Ross Macdonald
Ross Macdonald, Sir John A. Macdonald or John Ross Macdonald ( born June 2, 1915 as Kenneth Millar in Los Gatos, California, † July 11, 1983 in Santa Barbara, California ) was an American writer and lecturer.
Life
After he originally John Macdonald had called, he changed his pseudonym Ross Macdonald, in order to avoid confusion with the same crime writer John D. MacDonald. Ross MacDonald was married to the novelist Margaret Millar.
The central theme of detective novels Macdonalds are reprobates young people and blame their parents. Most novels Macdonalds include branching, reaching far back into the past criminal involvement, the private detective Lew Archer be resolved by. Macdonald led thus one of the first crime writers of the genus to the ideas of psychoanalysis.

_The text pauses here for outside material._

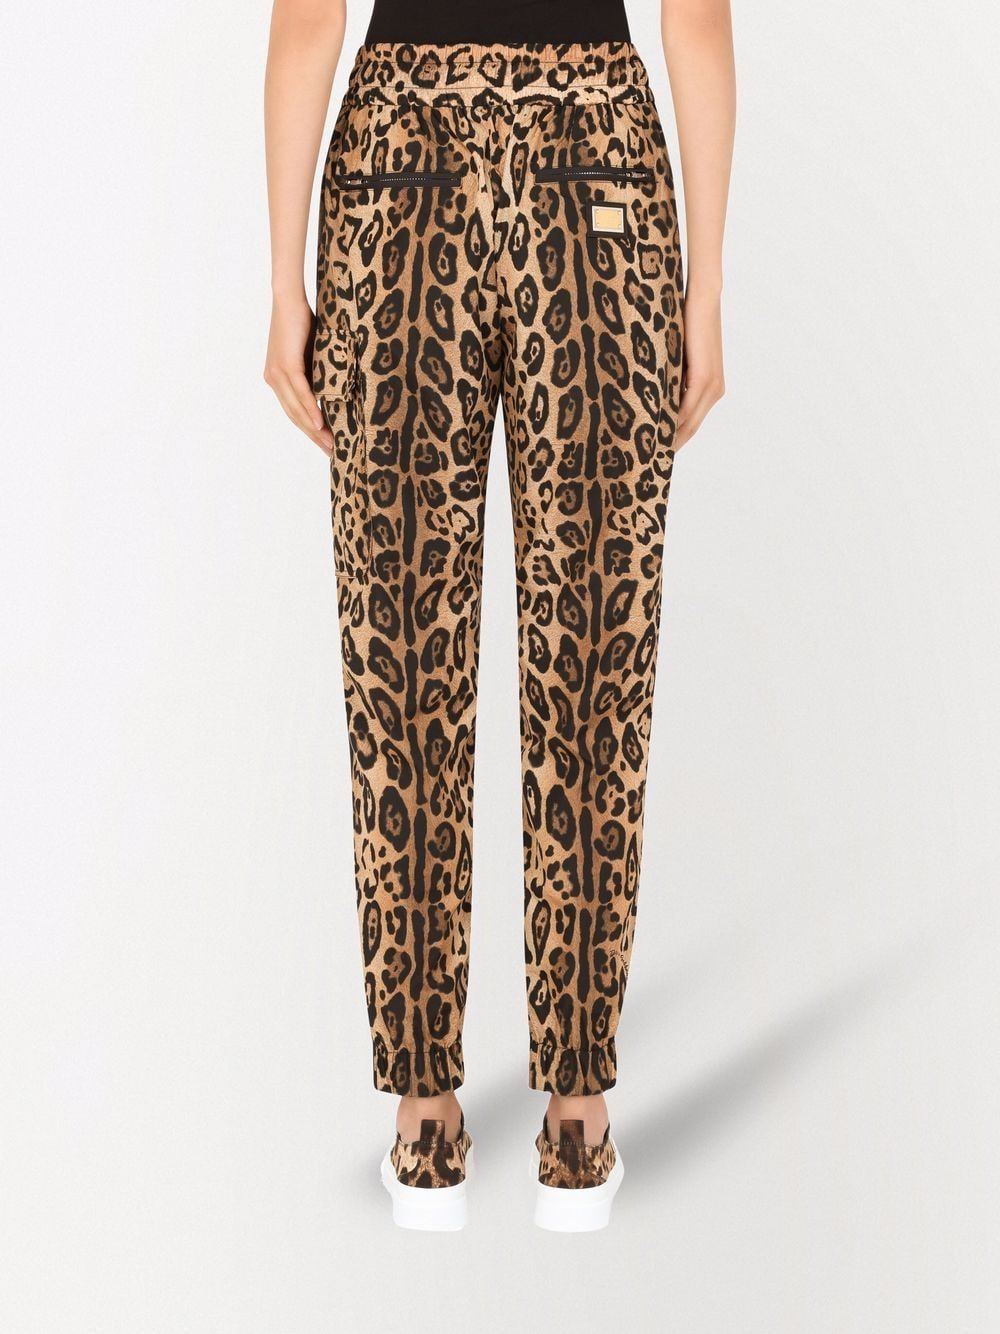 фото Dolce & gabbana спортивные брюки с леопардовым принтом

In addition to Dashiell Hammett and Raymond Chandler Ross Macdonald is one of the most important representatives of the hard school of the detective novel. James Ellroy calls him as one of his role models.
Two Lew Archer novels have been made into a film starring Paul Newman as a detective ( Harper, 1966, The Drowning Pool, 1975); However, the investigators say in the movies, for legal reasons Harper Archer instead.
Ross Macdonald died in 1983 from Alzheimer 's disease.
Works
The crime novels were published in 1968 in German from Random House and by Diogenes.
Lew Archer novels without
Lew Archer novels
Narrative volumes
Non-fiction
Films
There was also a mini TV series with six episodes ( Archer, 1975) with Brian Keith in the title role.